То же самое относится и к методам. Несмотря на постоянно совершаемые (и, добавим от себя, неизбежные и необходимые) попытки предъявить миру некую «подлинно философскую проблематику» и сообразный ей «истинный метод философствования как такового», они обычно только подтверждали эту изначальную данность: философия полностью свободна. Кстати сказать, по-настоящему великие умы из числа систематиков и методологов свидетельствовали об этом сами: Гуссерль недаром говорил Льву Шестову «то, что вы делаете, я тоже считаю философией». Дело обстоит так: философия может воспользоваться каким-нибудь «методом», а может и не воспользоваться им. Причём если уж она намерена методом воспользоваться, совершенно не важно, является ли он философским или нет. Нет ничего предосудительного в том, чтобы обратиться, скажем, к «геометрическому способу» исследования, или выражать философские идеи при помощи интегралов.

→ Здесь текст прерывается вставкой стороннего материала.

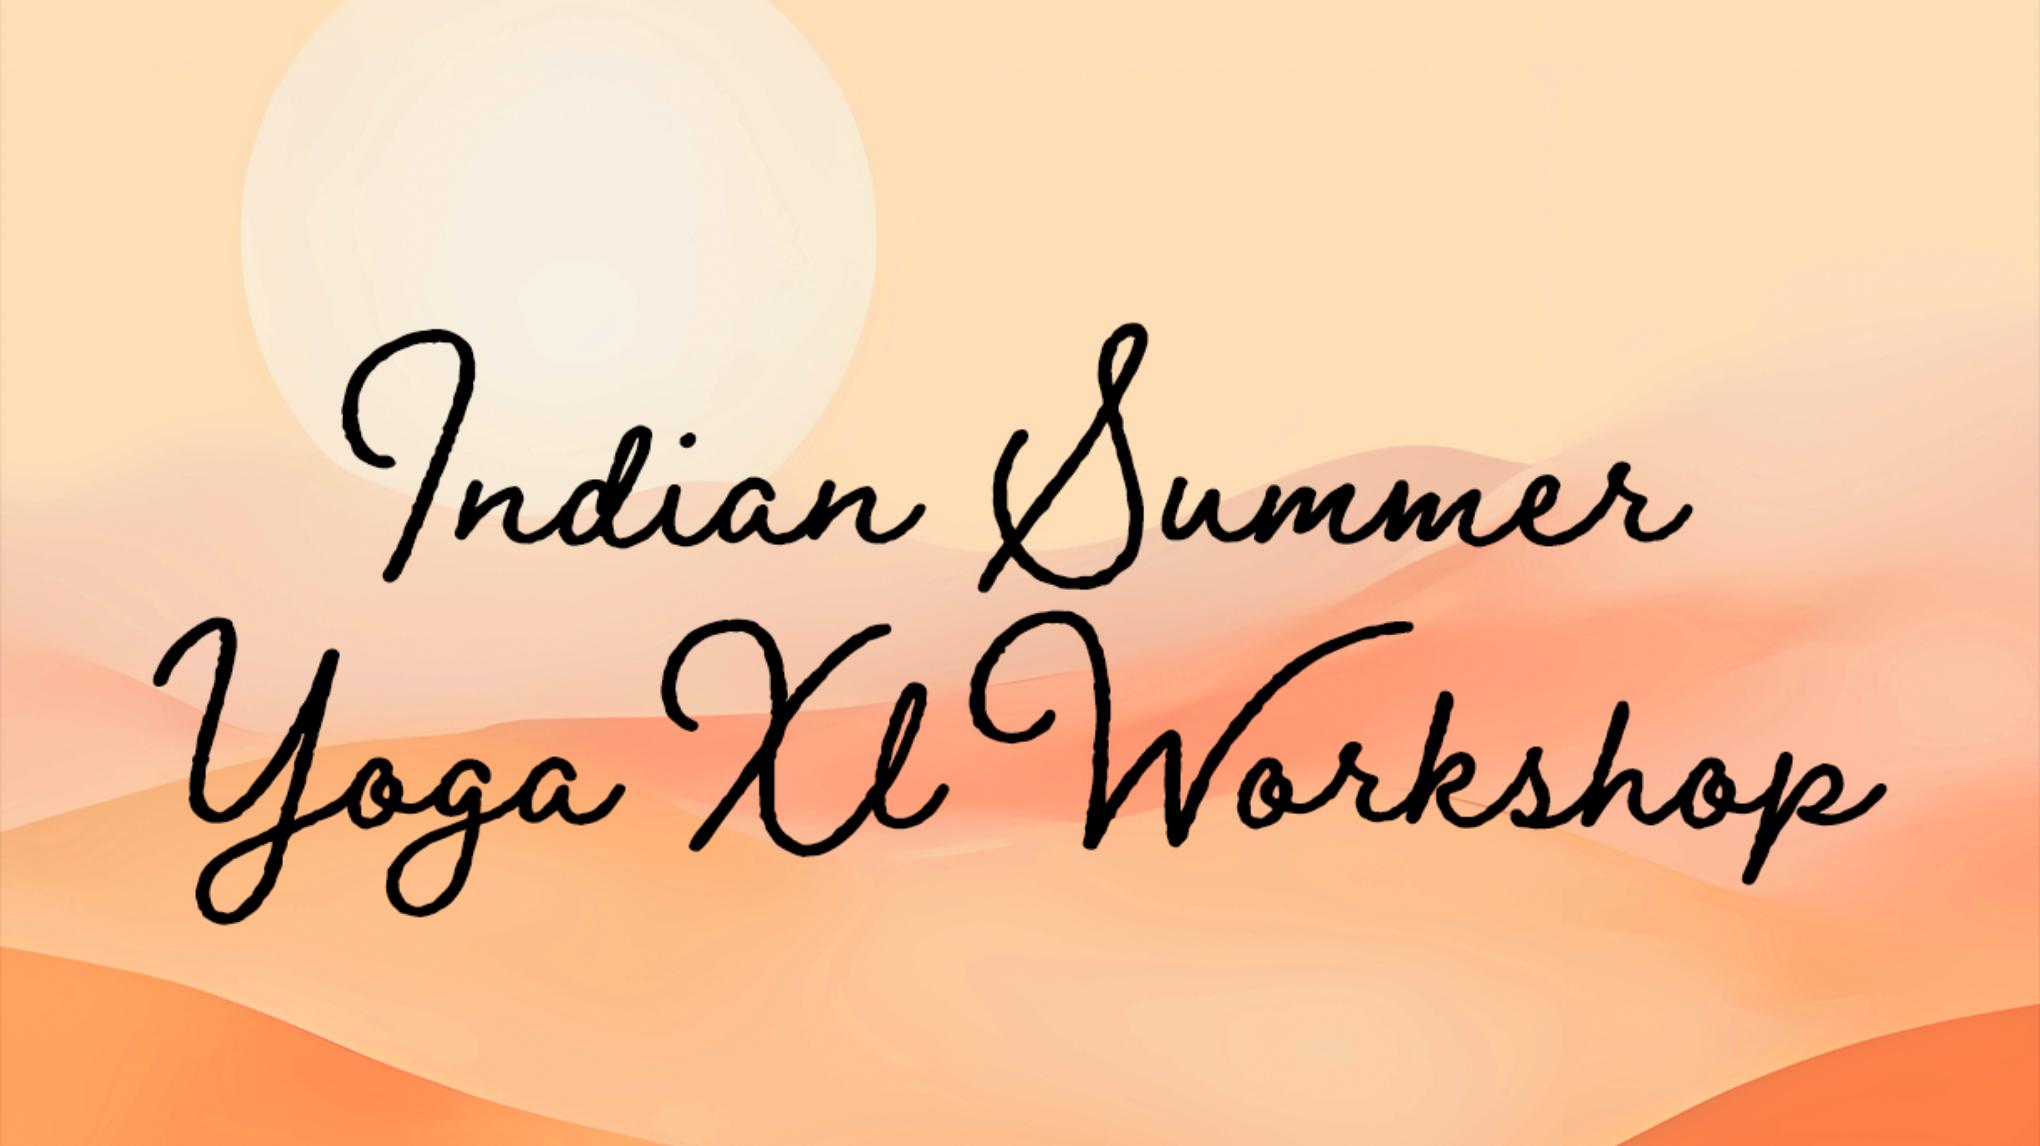 Selfcare Sunday: Indian Summer Yoga XL Workshop

С другой стороны, философия может без этого и обойтись. Более того, обойтись она может без всего вообще — включая язык и мышление. Философ может молчать. Философ может даже «не думать» — по крайней мере, в привычном для нас понимании этого слова; многие философы полагали прекращение мышления похвальным. В конце концов, философия не всегда нуждается даже в самой себе, в том, чтобы осознавать себя именно как «философию».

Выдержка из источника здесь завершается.